[DESCRIPTION OF THE TASK] What the task requires is an exact printout of the listing below, pictures excluded.

[INFORMATION SHOWN]
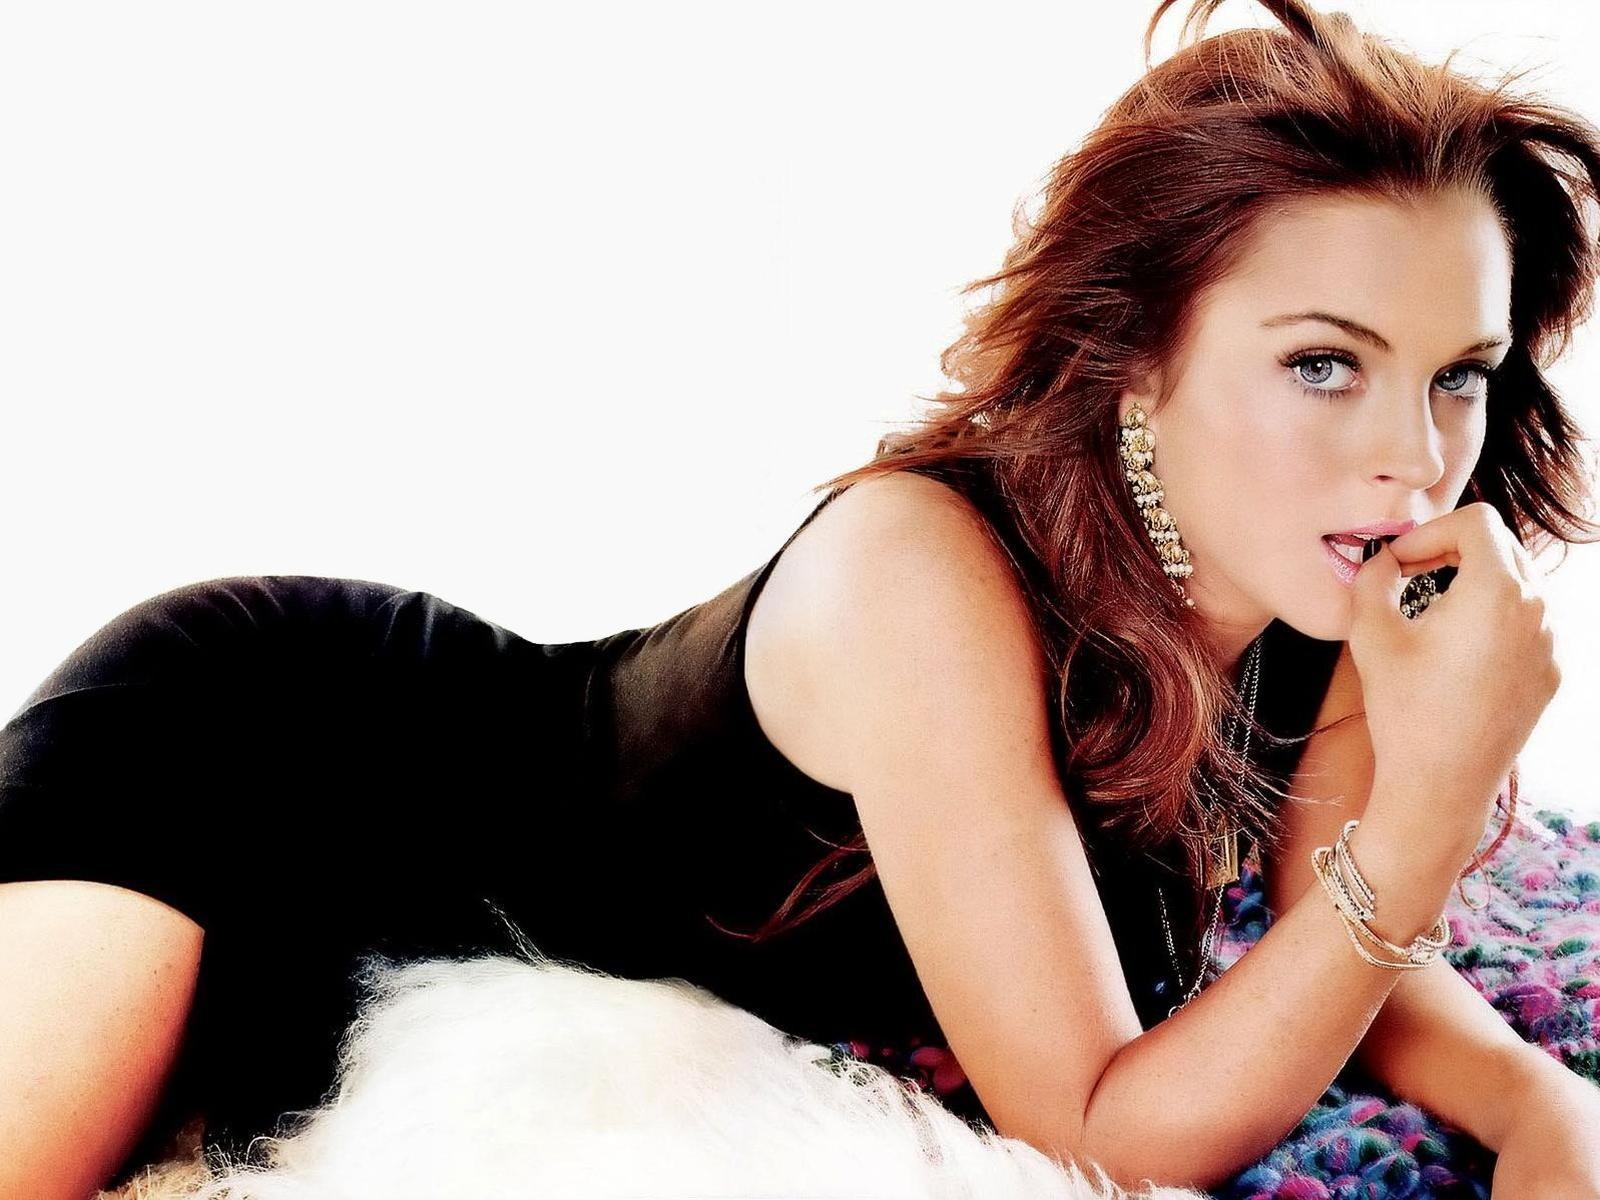 http://1.bp.blogspot.com/-708B12jMWnU/TWWHF17WHII/AAAAAAAABkM/RoqXq5WSqdg/s1600/Lindsay-Lohan+2.jpg
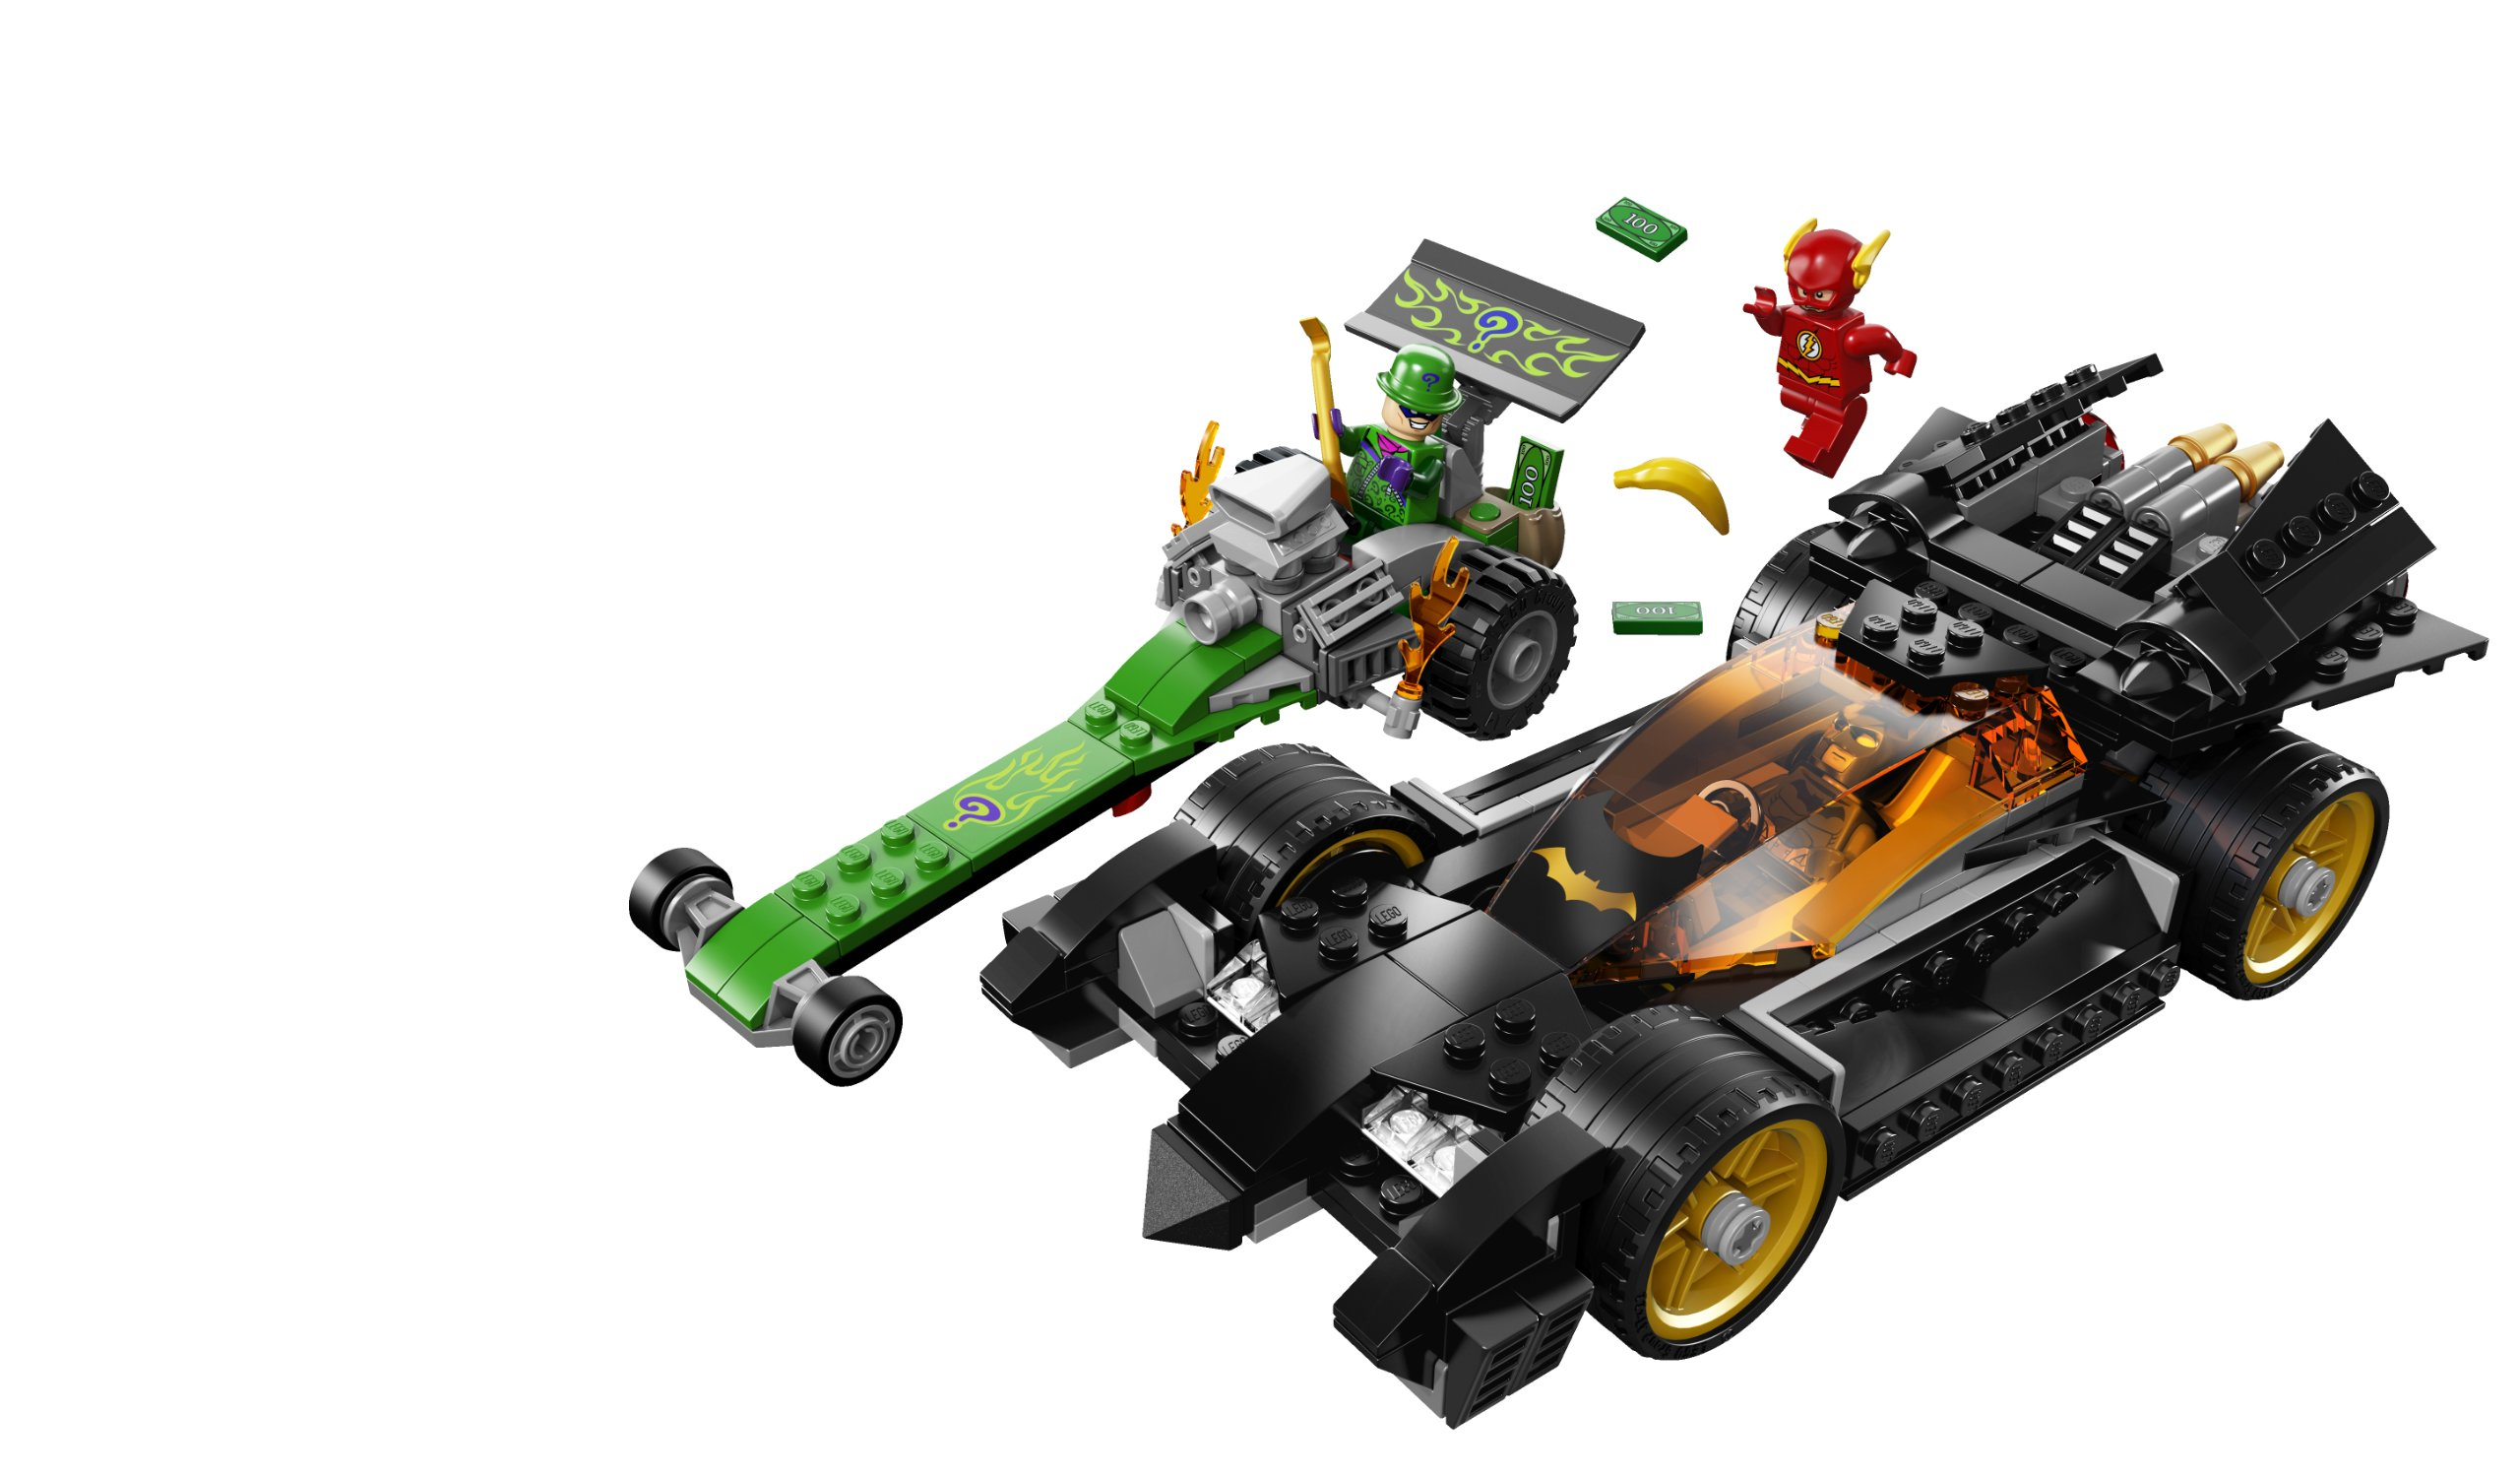 Lego  76012 Super Heroes DC The Batmobile Batman Minifigure Manual 2 Lot ONLY
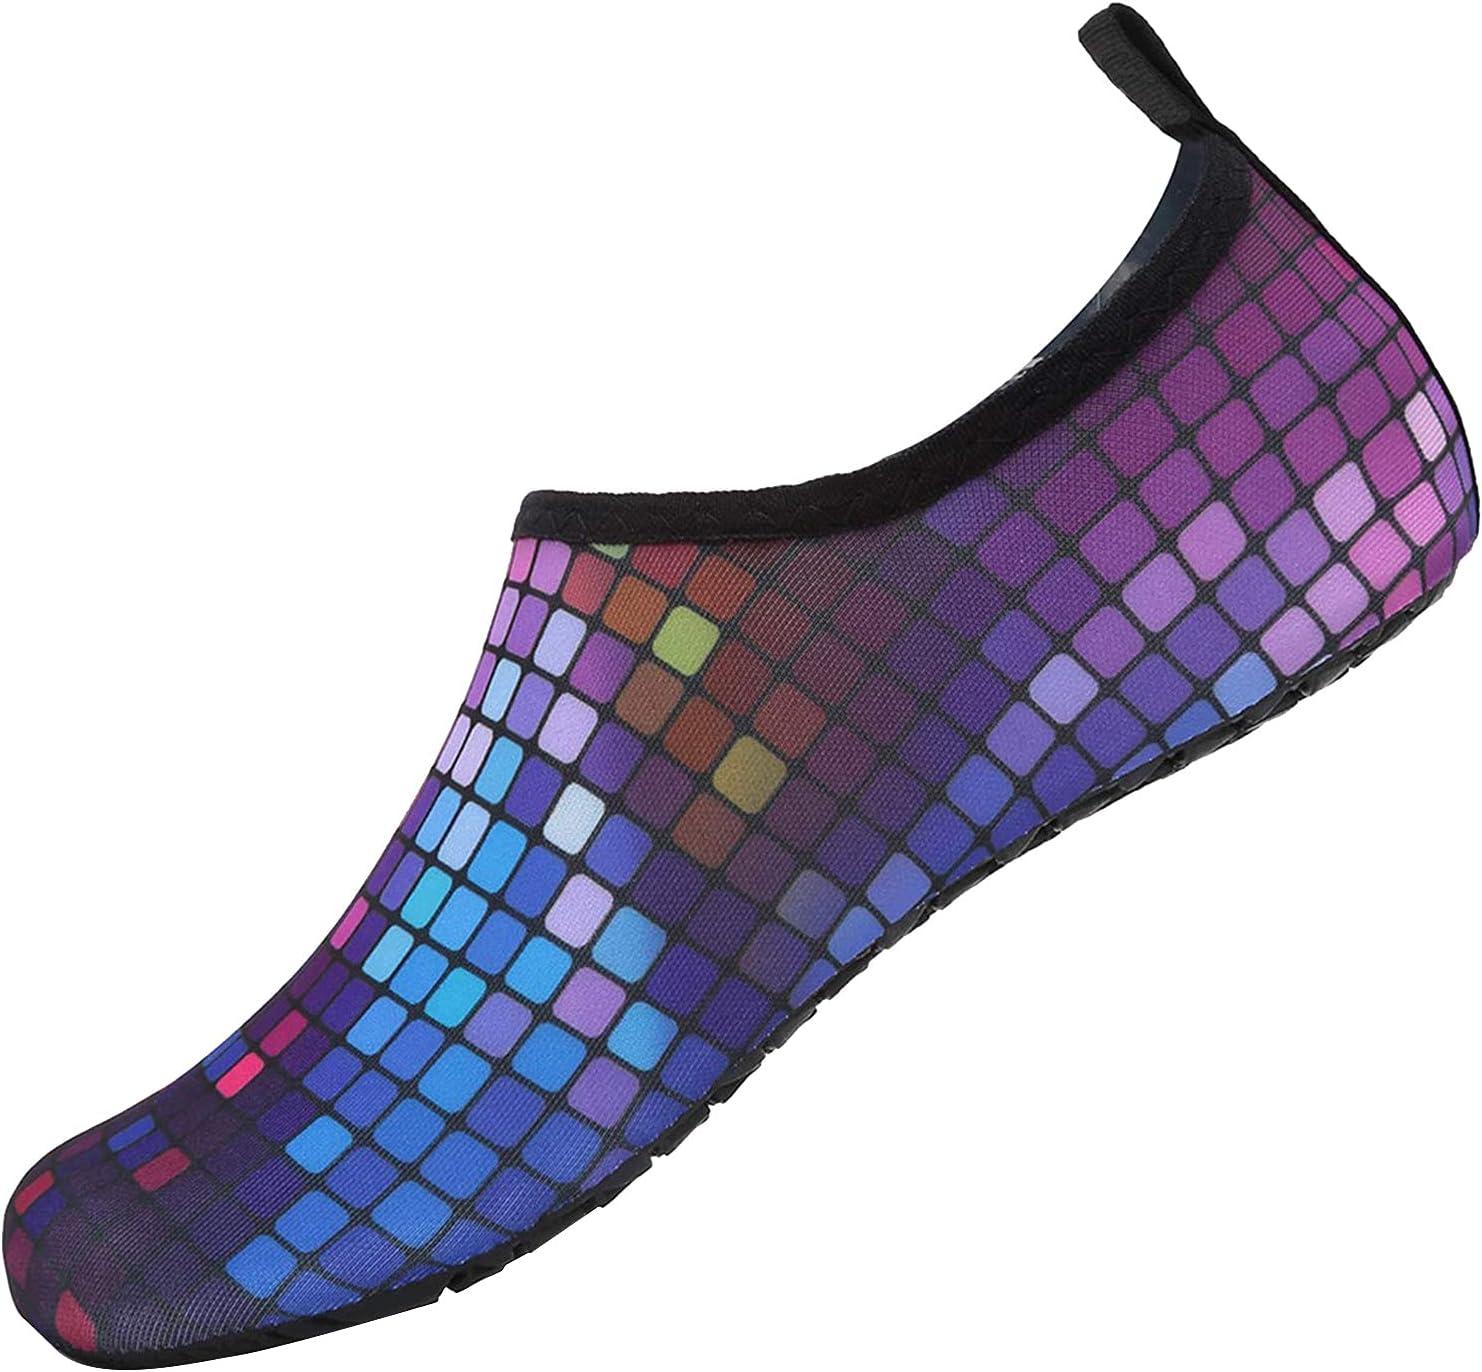 Futurelove Women Men's Print Couple's Dry Dallas Mall Quick Spring new work Soft Socks Baref
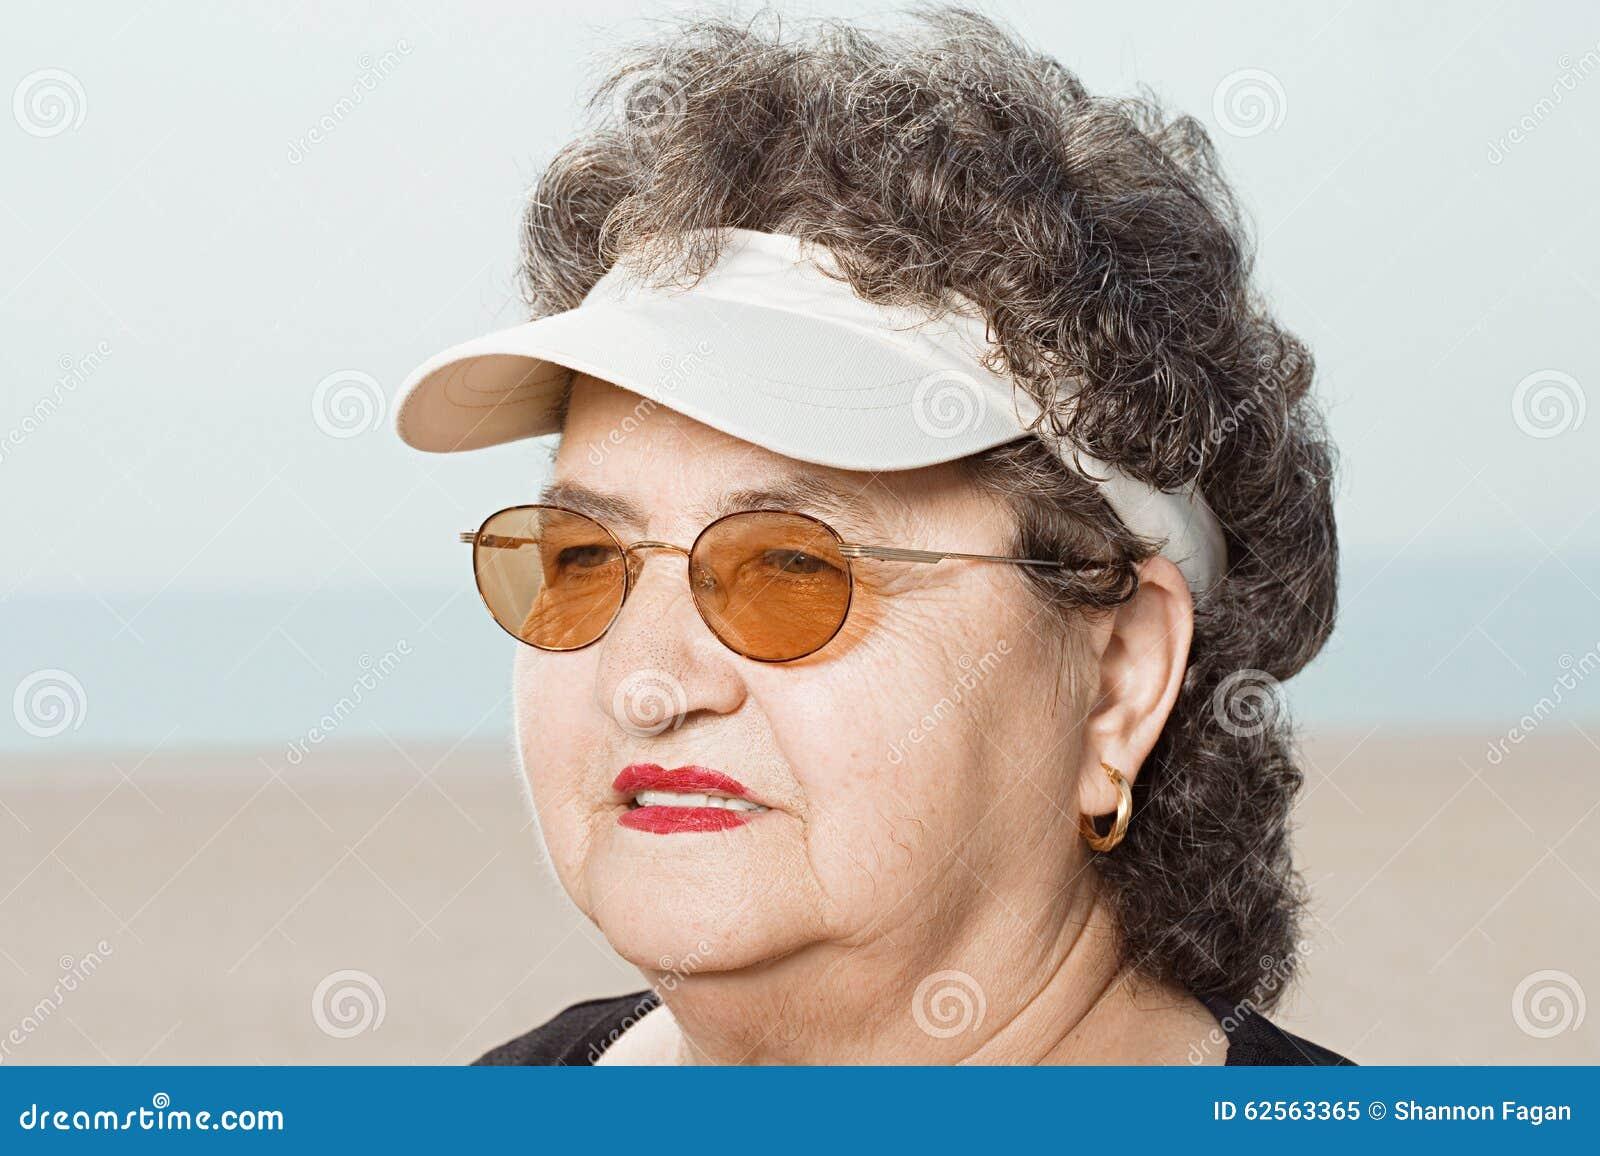 c8e9cb48 Woman wearing a sun visor stock image. Image of looking - 62563365

[EXPECTED ANSWER]
 http://1.bp.blogspot.com/-708B12jMWnU/TWWHF17WHII/AAAAAAAABkM/RoqXq5WSqdg/s1600/Lindsay-Lohan+2.jpg
 Lego  76012 Super Heroes DC The Batmobile Batman Minifigure Manual 2 Lot ONLY
 Futurelove Women Men's Print Couple's Dry Dallas Mall Quick Spring new work Soft Socks Baref
 c8e9cb48 Woman wearing a sun visor stock image. Image of looking - 62563365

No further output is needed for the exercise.